Disney’s history is riddled with success stories in animation and with examples of the role Disney animation has played in the building of the company’s “family entertainment” brand and core assets. In fact, for a long time and probably until Disney’s acquisition of Miramax, the value of much of the company’s motion picture assets was regarded as one that was largely built upon the company’s success in animation, much of which was attributed to Katzenberg. Although Disney maintained motion picture labels, like Touchstone and Hollywood Films, that were geared toward live-action filmed entertainment, any success that these labels achieved was often overwhelmed by Disney’s animation business — a business that seemed significantly threatened upon the departure of Katzenberg to form DreamWorks. Needless to say, the impact of this development was significant since so much of Disney’s core business and its “family entertainment” brand were originated or repurposed from animation content.

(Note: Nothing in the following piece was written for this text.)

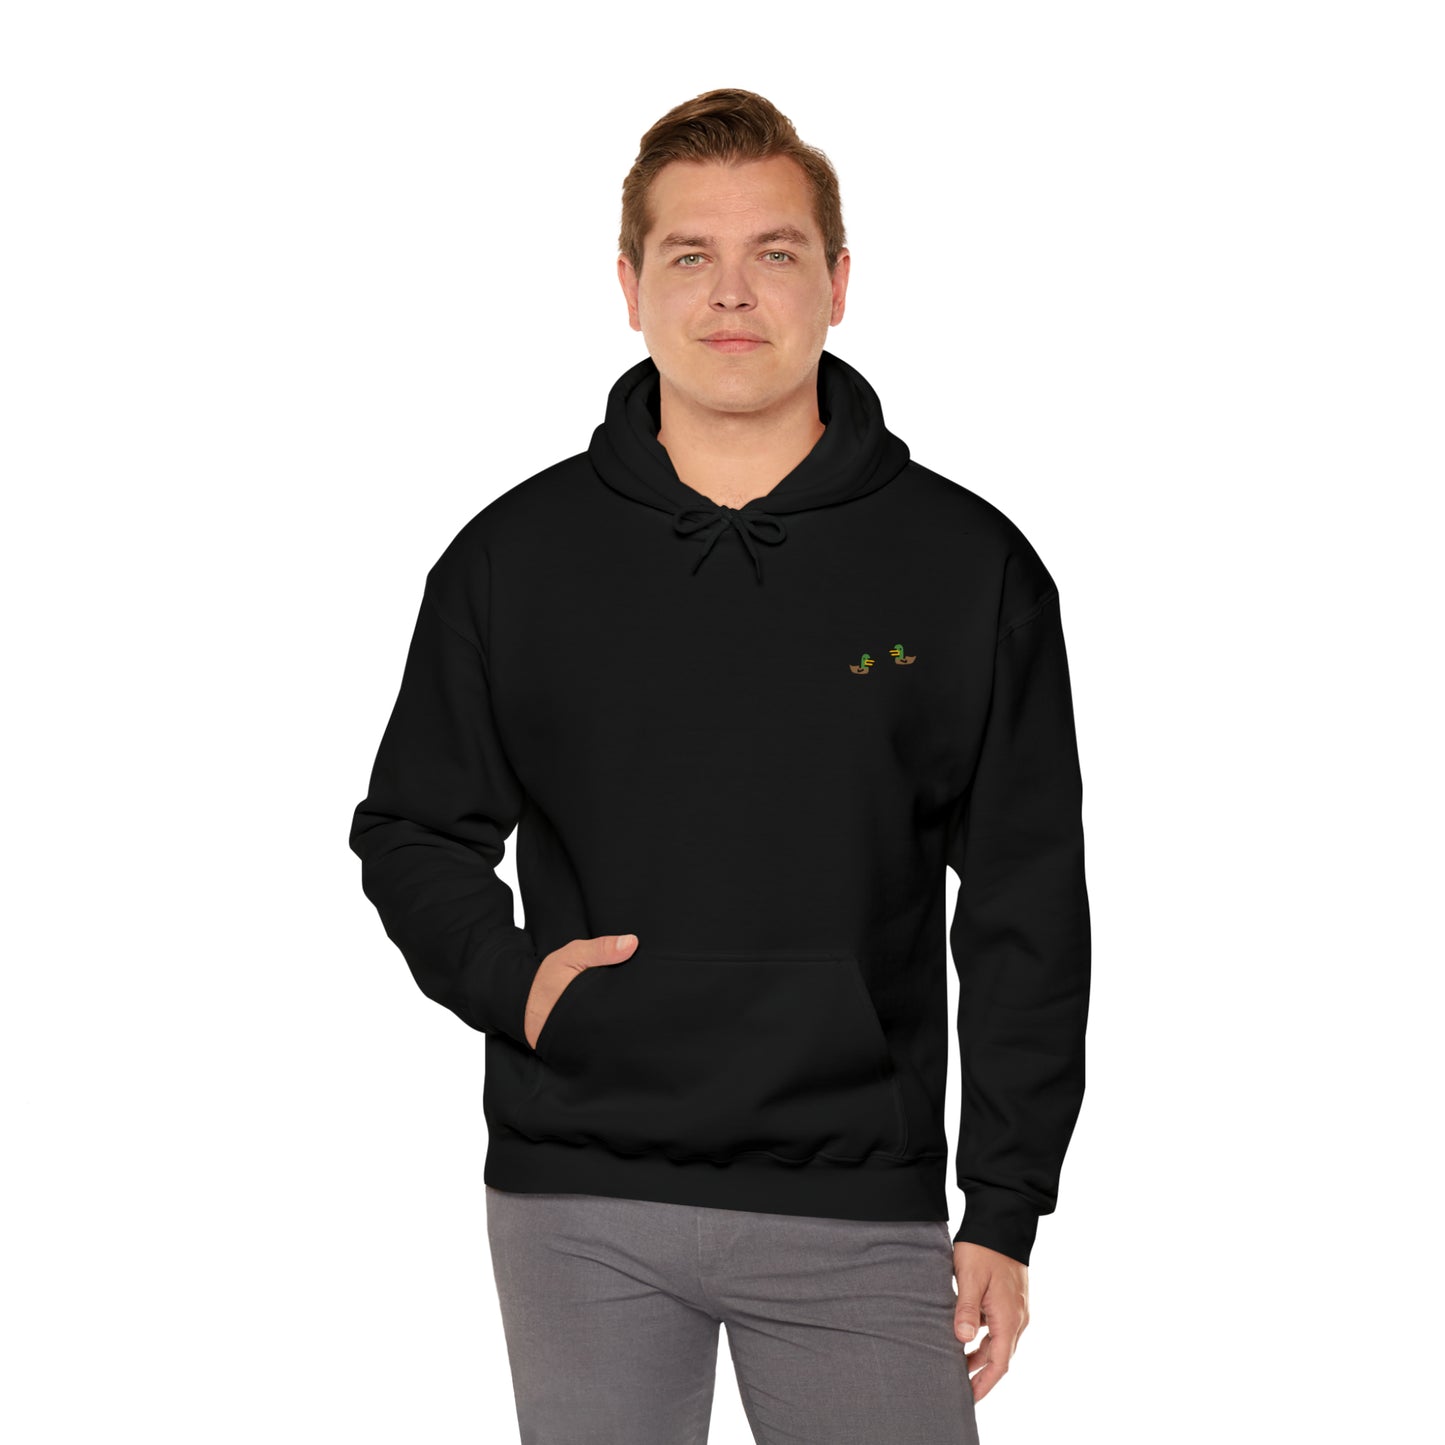 Twin Ducks - Adult Unisex Heavy Blend™ Hooded Sweatshirt

By many accounts, Pixar came to be regarded as a “white knight” to Disney’s animation business, filling its production pipeline but doing so with the same success that Disney’s traditional animation business attained under Katzenberg. In addition, Pixar films were digitally created, not cell animated, like most of Disney’s older animated films. Beyond reinvigorating the animation genre with a “new” visual style, these films may have also allowed for more cost efficient and easy repurposing of digital content. But most importantly, Pixar’s films were born of great story-telling, the foundation of Disney’s long-held dominance in animation. Moreover, Pixar’s films were “family” films to be enjoyed by all audiences in the U.S. and other countries. Needless to say, Disney must have seen maintaining a relationship with such a supplier of content to be of paramount strategic importance to its brand, especially after Katzenberg’s departure and given the risk that Pixar might give up its relationship with Disney and align itself with a competing studio.

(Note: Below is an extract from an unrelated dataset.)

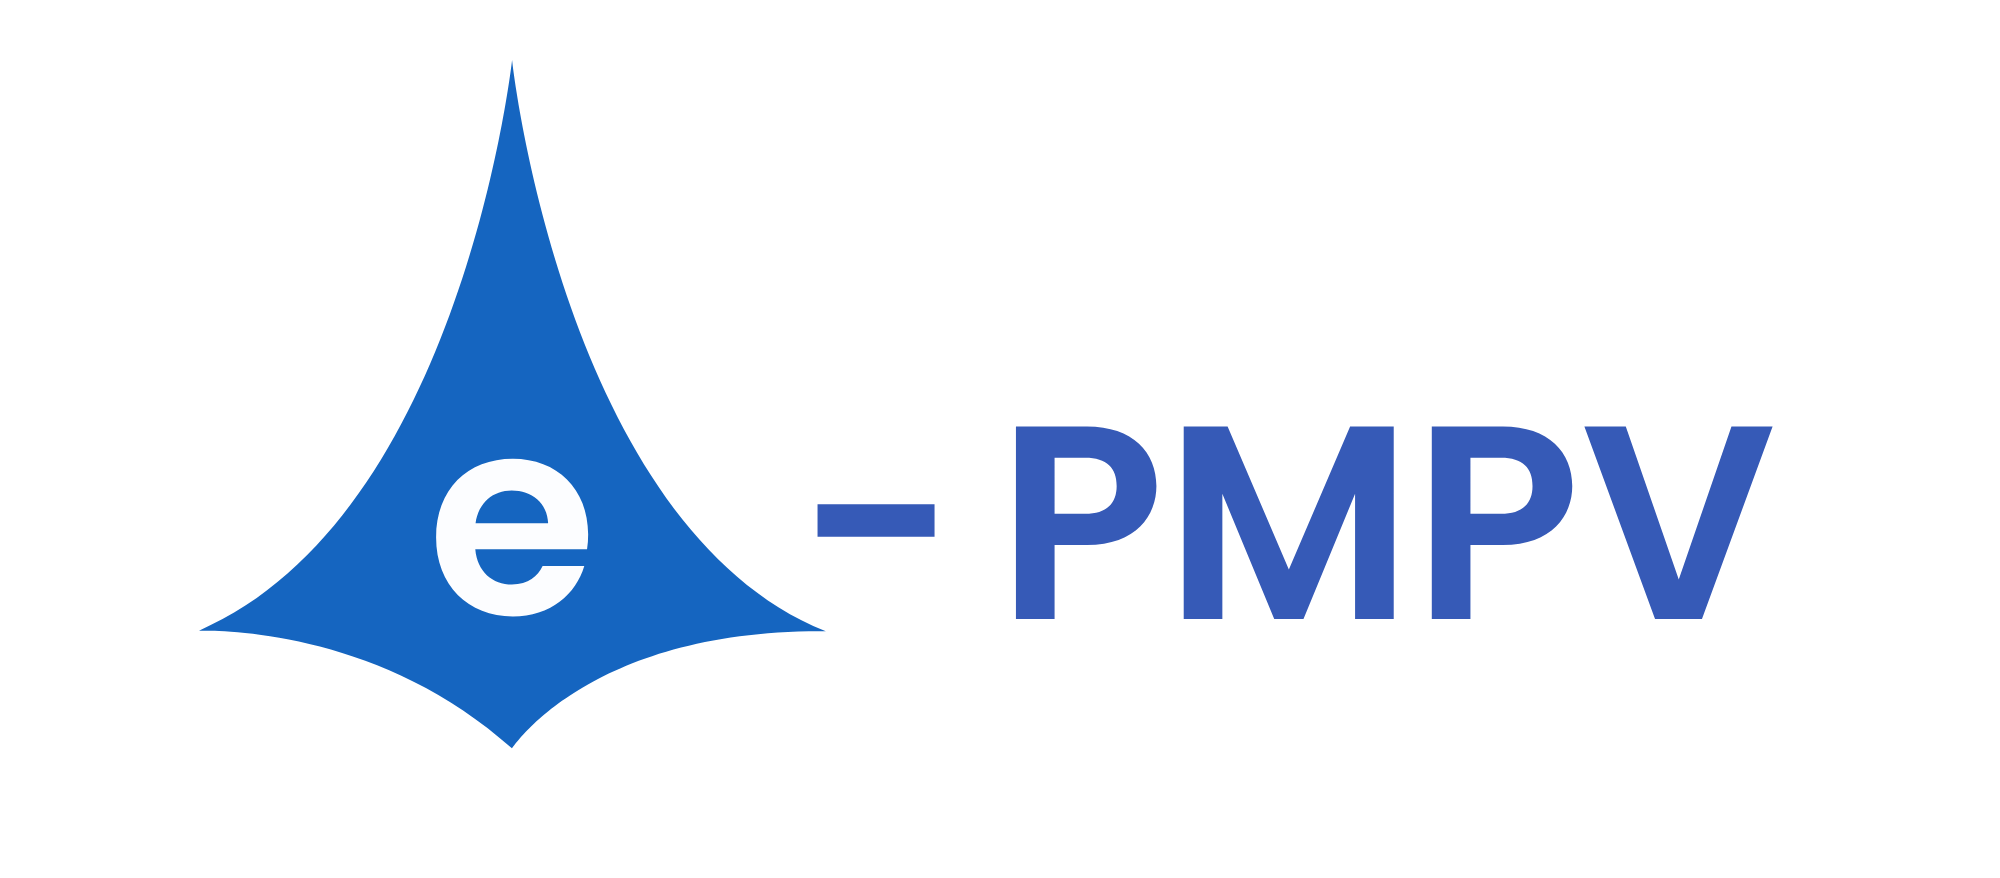 e-PMPV

Any premium that Disney might have paid for the Pixar acquisition must also be evaluated in light of the nature of the animation content that Pixar produces and the distribution possibilities it offers via new technologies. As animated, family-oriented content, Pixar films are also known to maintain action, comedy and music elements, segments of which can be repurposed into short-form programming which, like music, is easily downloadable and attractive for a variety of consumer electronic devices, including mobile ones, such as Apple’s new iPod Video. If the success of iPod with music is a barometer for the success of iPod video with any video content — especially short-form content, like comedy, music and sports — Disney’s acquisition of Pixar offers tremendous commercial opportunities for Disney in the new media and entertainment landscape.

These opportunities are likely to create strategic advantages for Disney, especially as it moves forward in using the new media and entertainment landscape to expand Disney and its related brands. Last but not least, the acquisition of Pixar and the resulting inclusion of Steve Jobs on the Disney board may also provide Disney with significant competitive advantages. This development, along with Jobs now being the majority shareholder in Disney, has infused the company with one of the most creative and visionary leaders in the media and entertainment industry to date. This is especially interesting given that Disney, under the leadership of Michael Eisner, seemed to shy away from entering the emerging distribution markets that Jobs has long been credited for creating, instead favoring more traditional and ubiquitous ones, like network and cable television.

While it remains unclear if, or exactly how, Jobs will exert his leadership upon Disney vis-à-vis existing management, it is clear that Jobs’ stake in Disney is likely to raise many eyebrows in the industry, especially those of Disney’s chief competitors. In an industry often characterized as “reactionary,” this raising of eyebrows may be enough for many to consider the Disney deal to acquire Pixar as something more than “hype.” In sum, the Disney acquisition of Pixar seems to represent a strategic “must” for the company.